Every line of the listing should be retyped exactly, but none of the pictures should be.

┌─ COLLECTED DATA

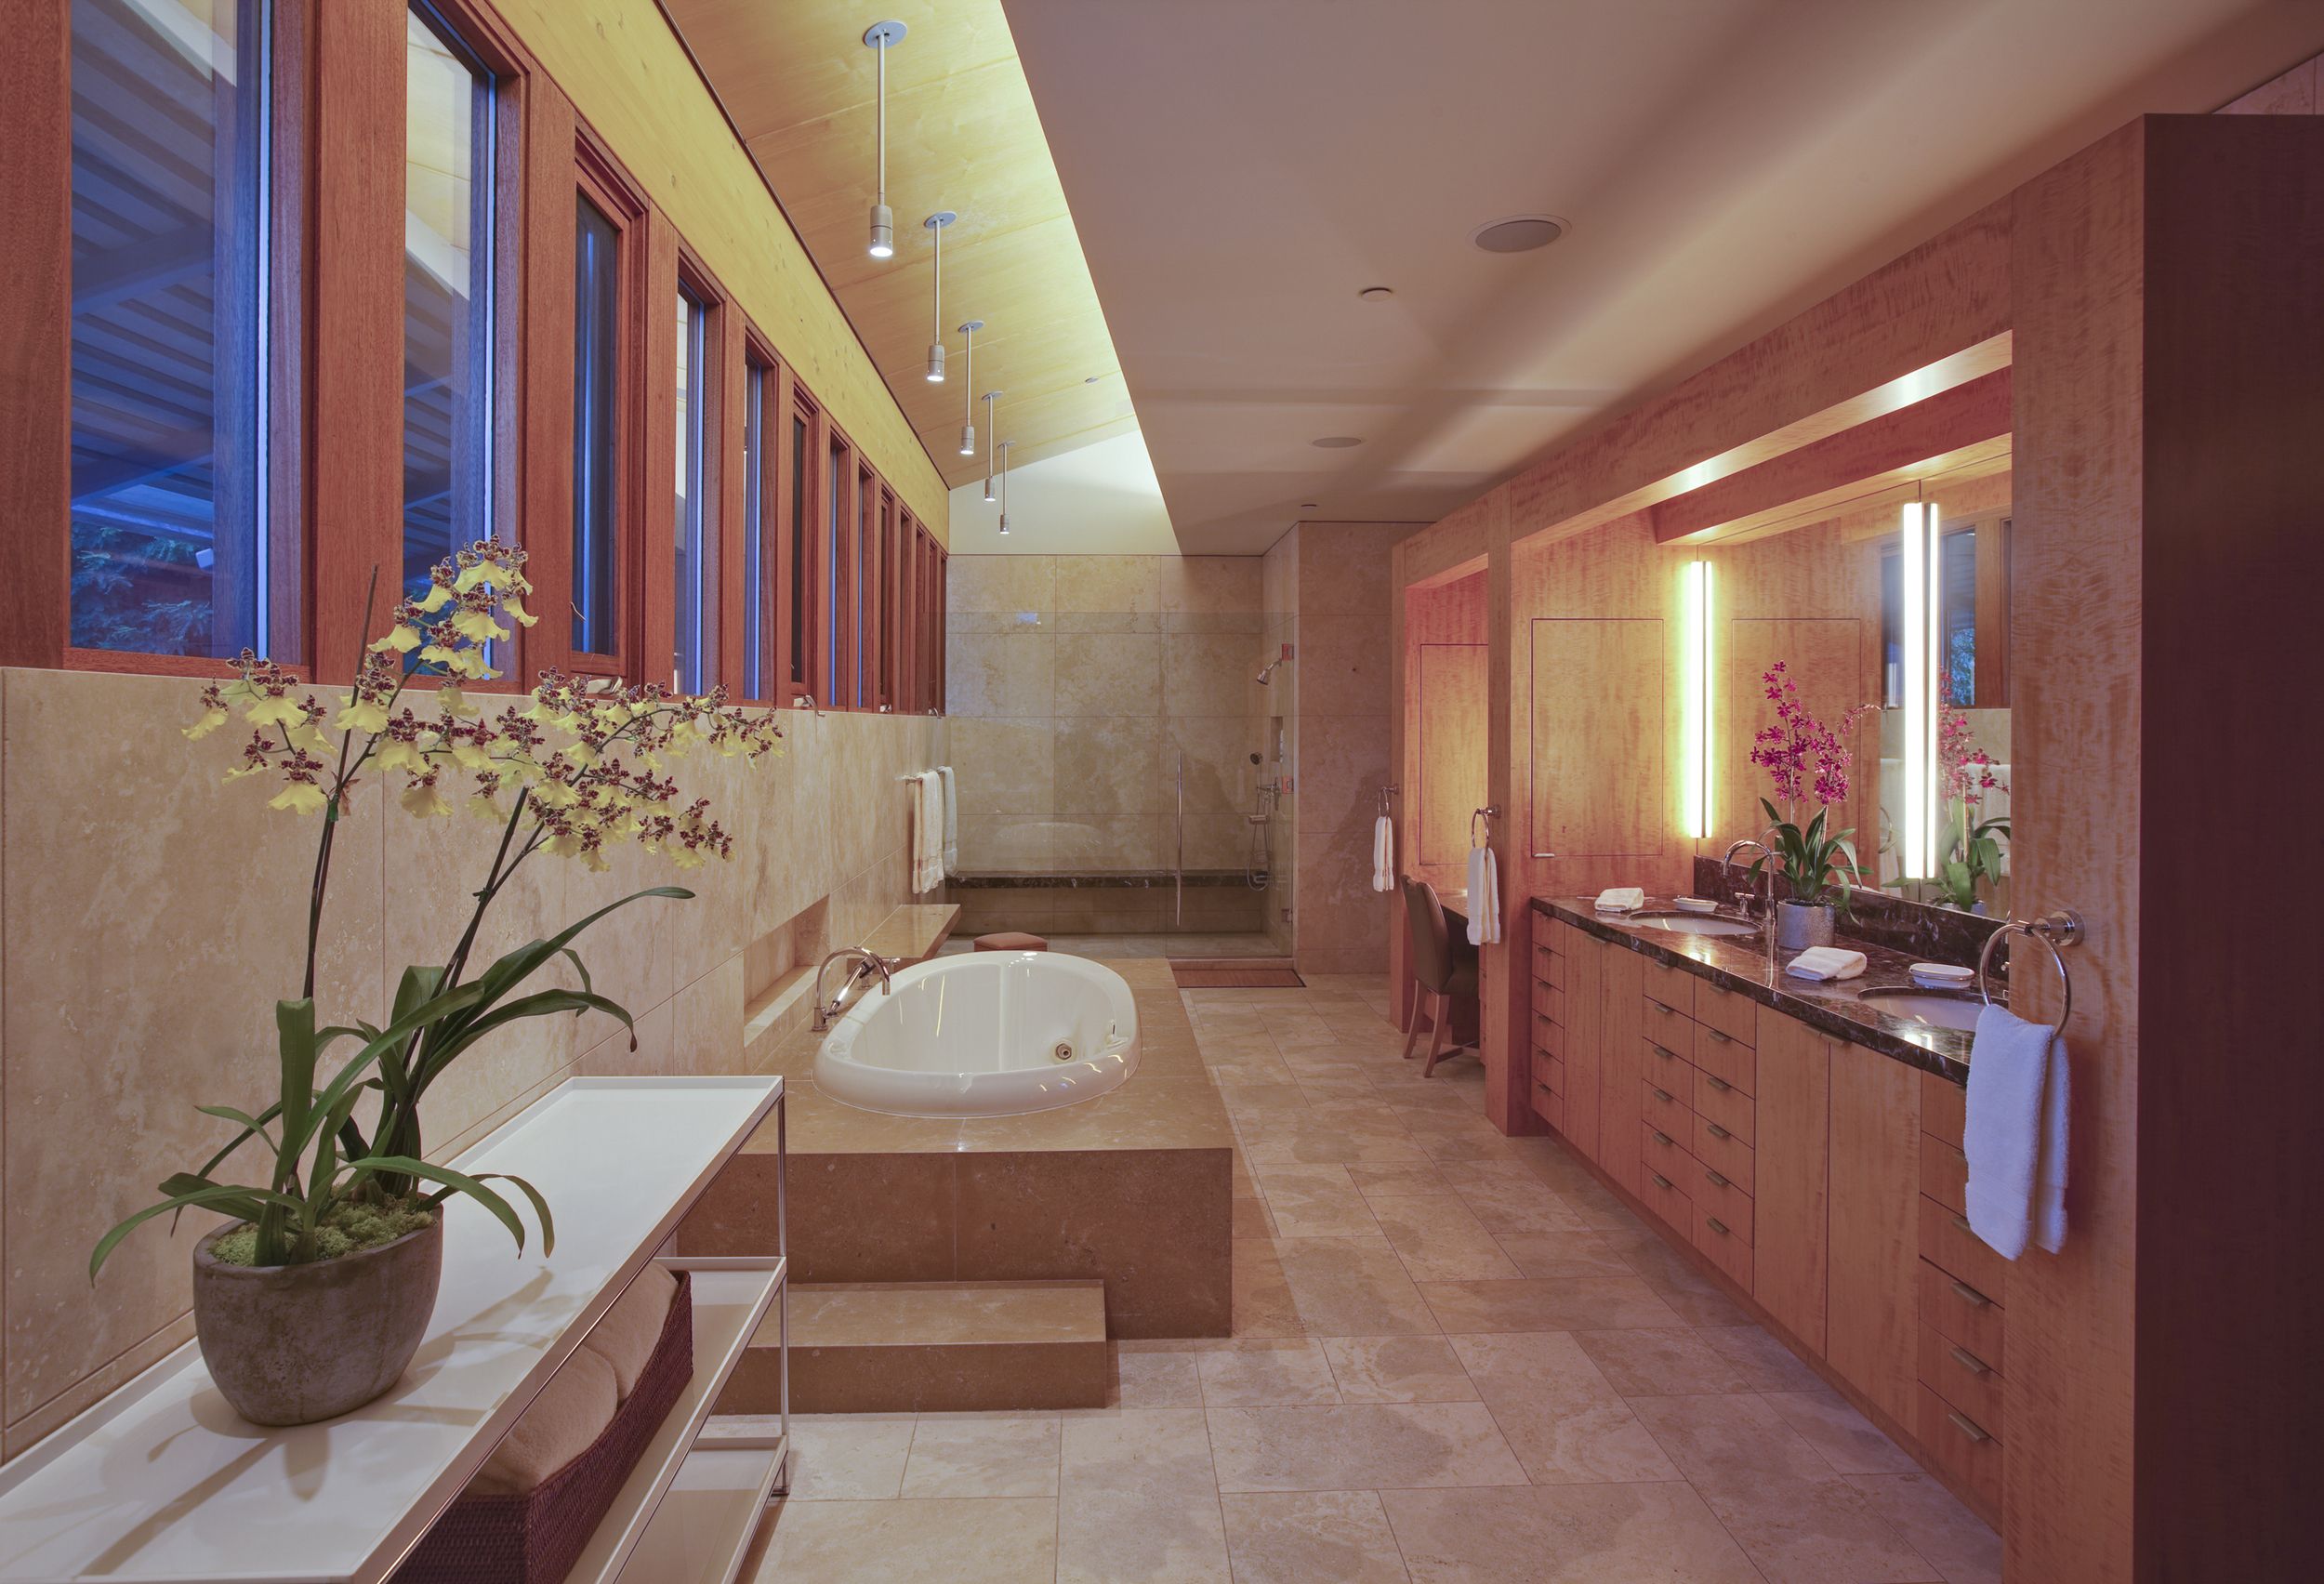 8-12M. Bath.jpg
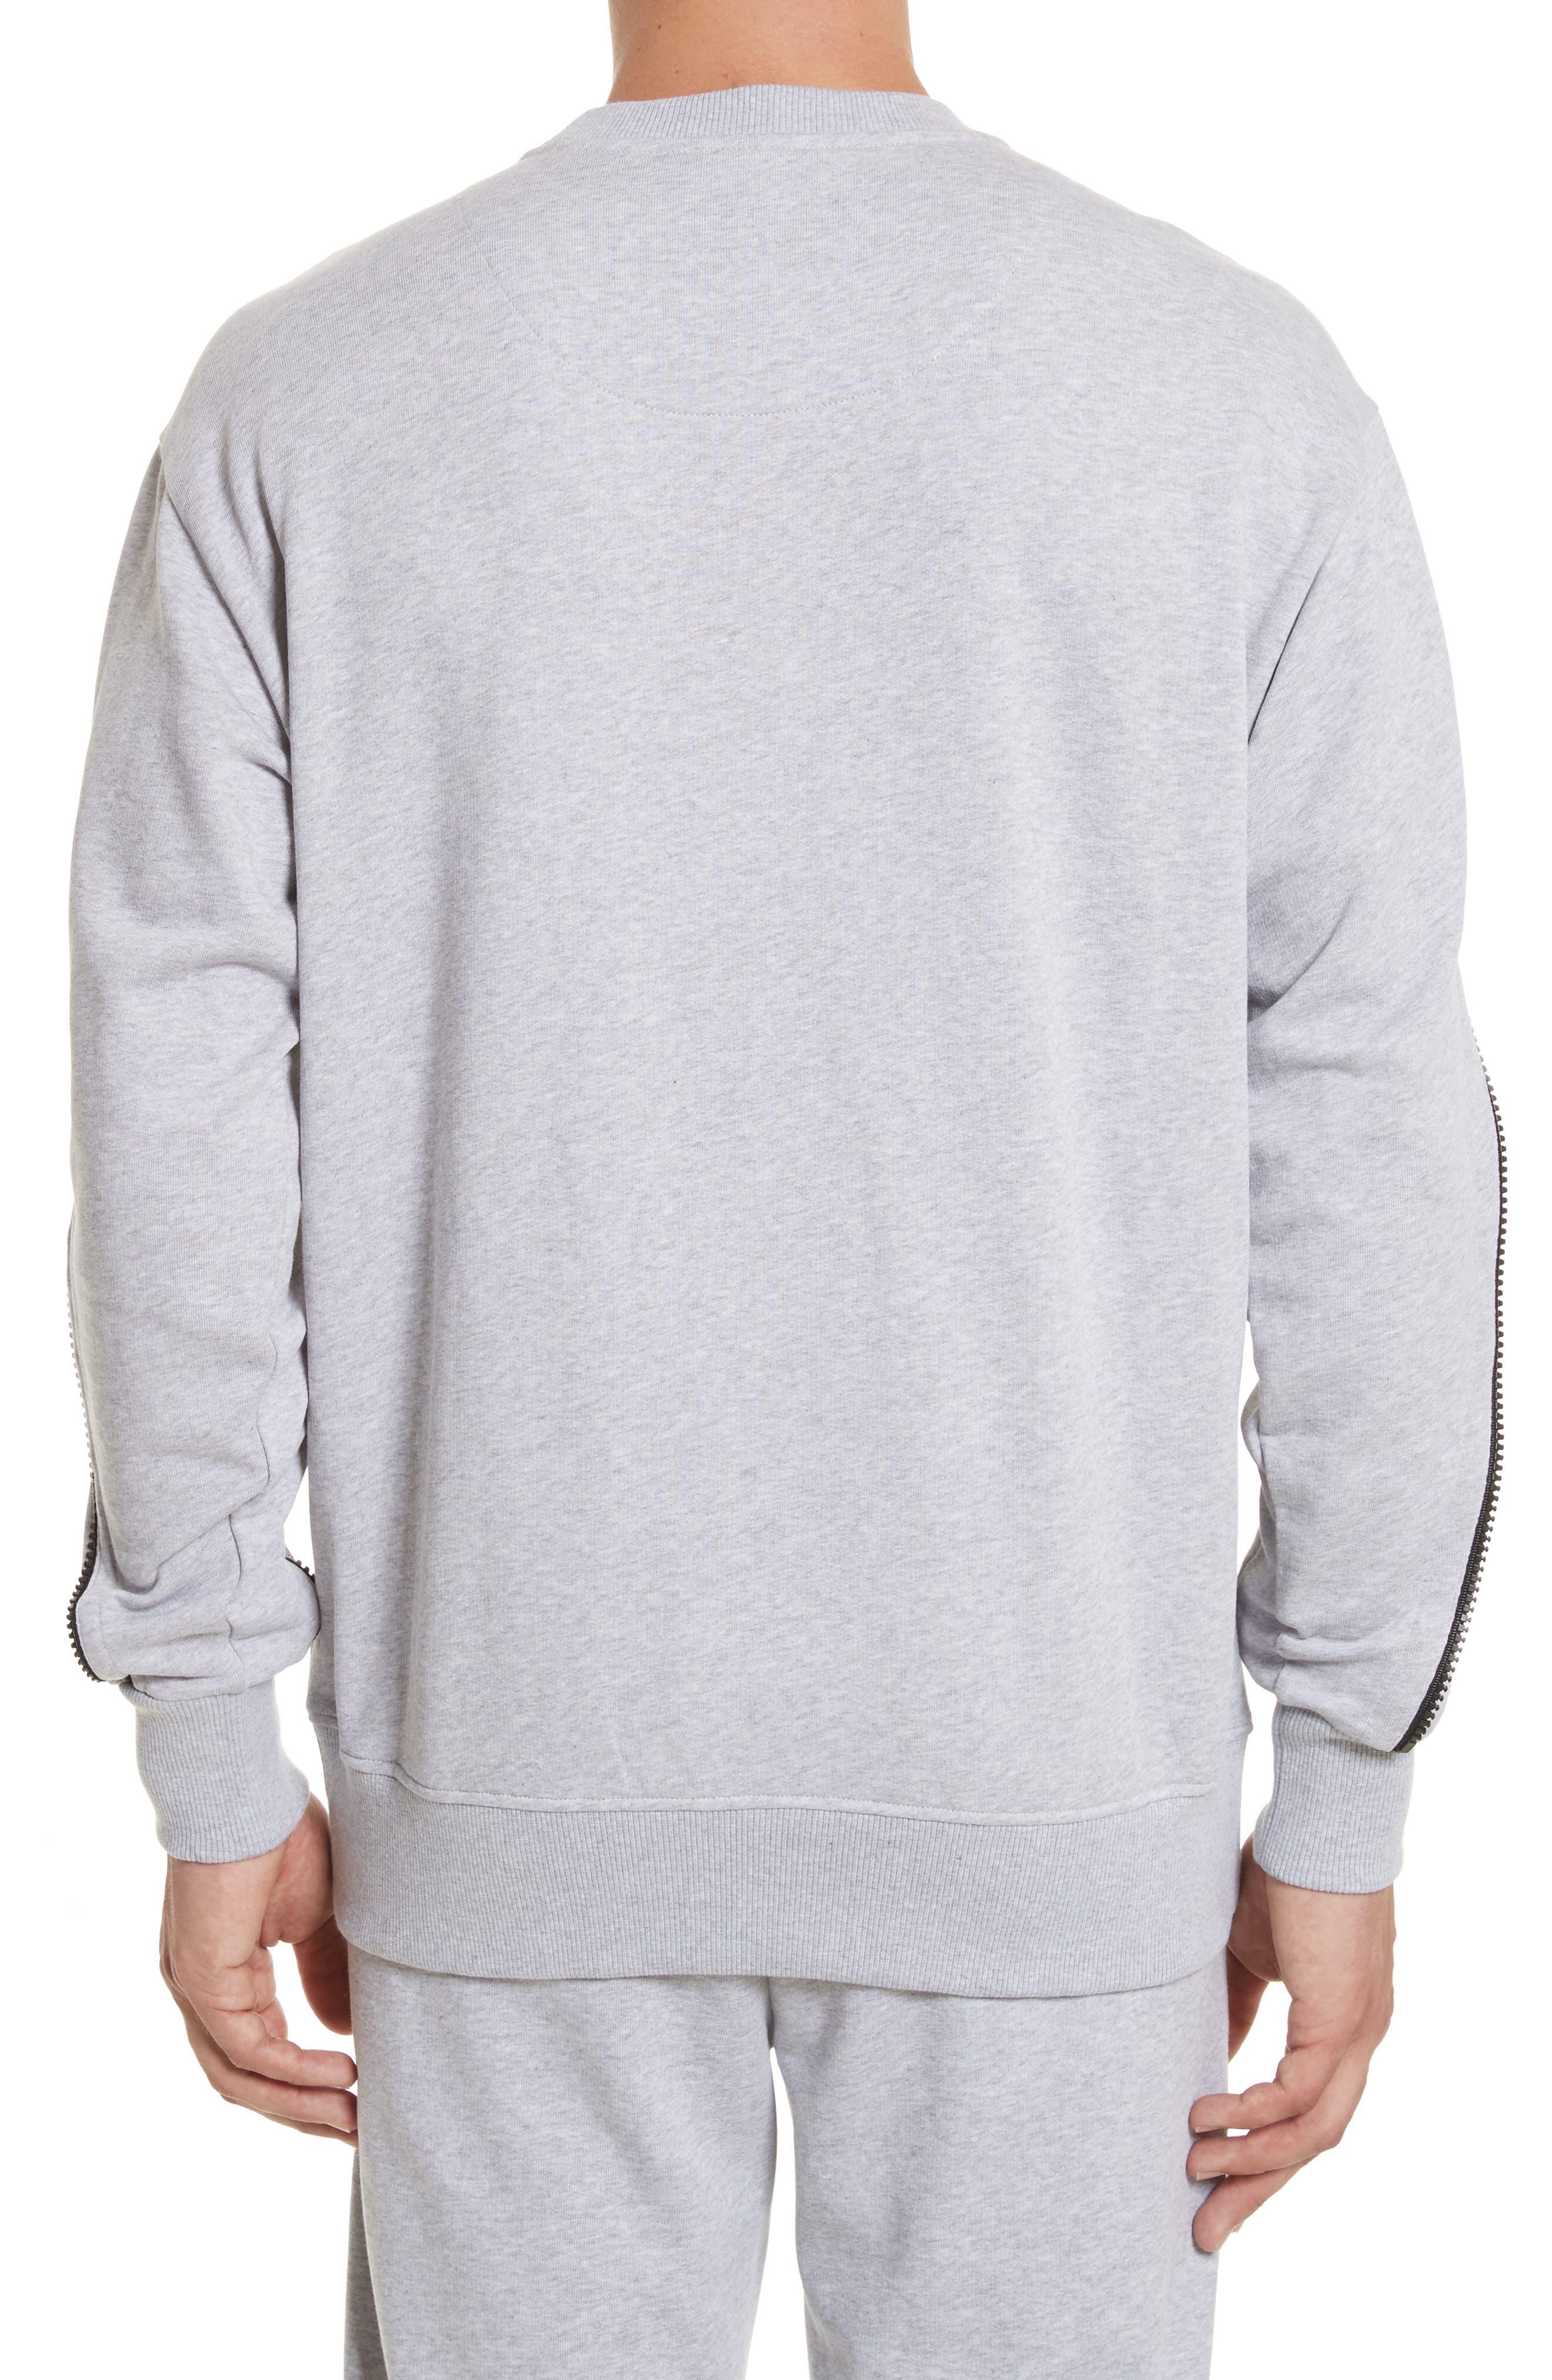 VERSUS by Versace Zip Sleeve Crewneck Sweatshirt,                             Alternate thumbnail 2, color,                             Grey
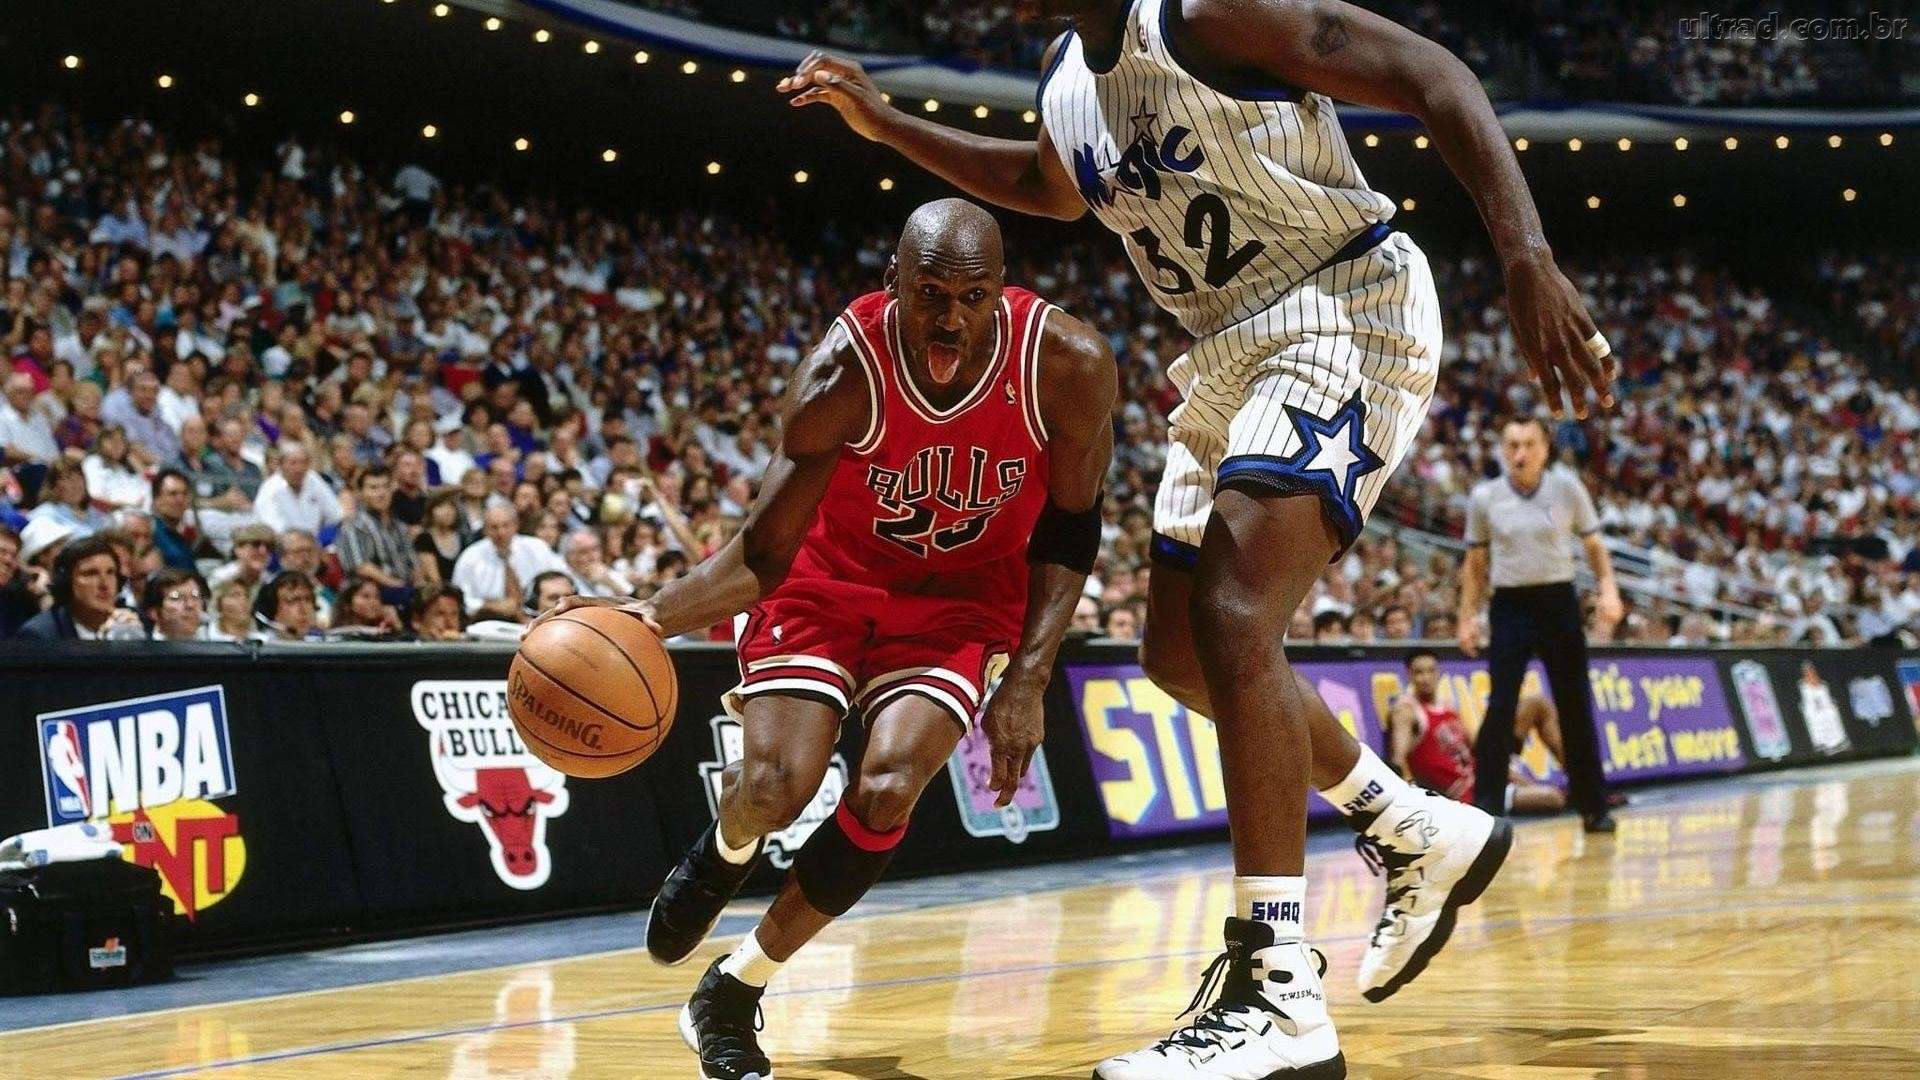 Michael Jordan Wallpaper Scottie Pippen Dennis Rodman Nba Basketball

└─

= WRITTEN RESPONSE =
 8-12M. Bath.jpg
 VERSUS by Versace Zip Sleeve Crewneck Sweatshirt,                             Alternate thumbnail 2, color,                             Grey
 Michael Jordan Wallpaper Scottie Pippen Dennis Rodman Nba Basketball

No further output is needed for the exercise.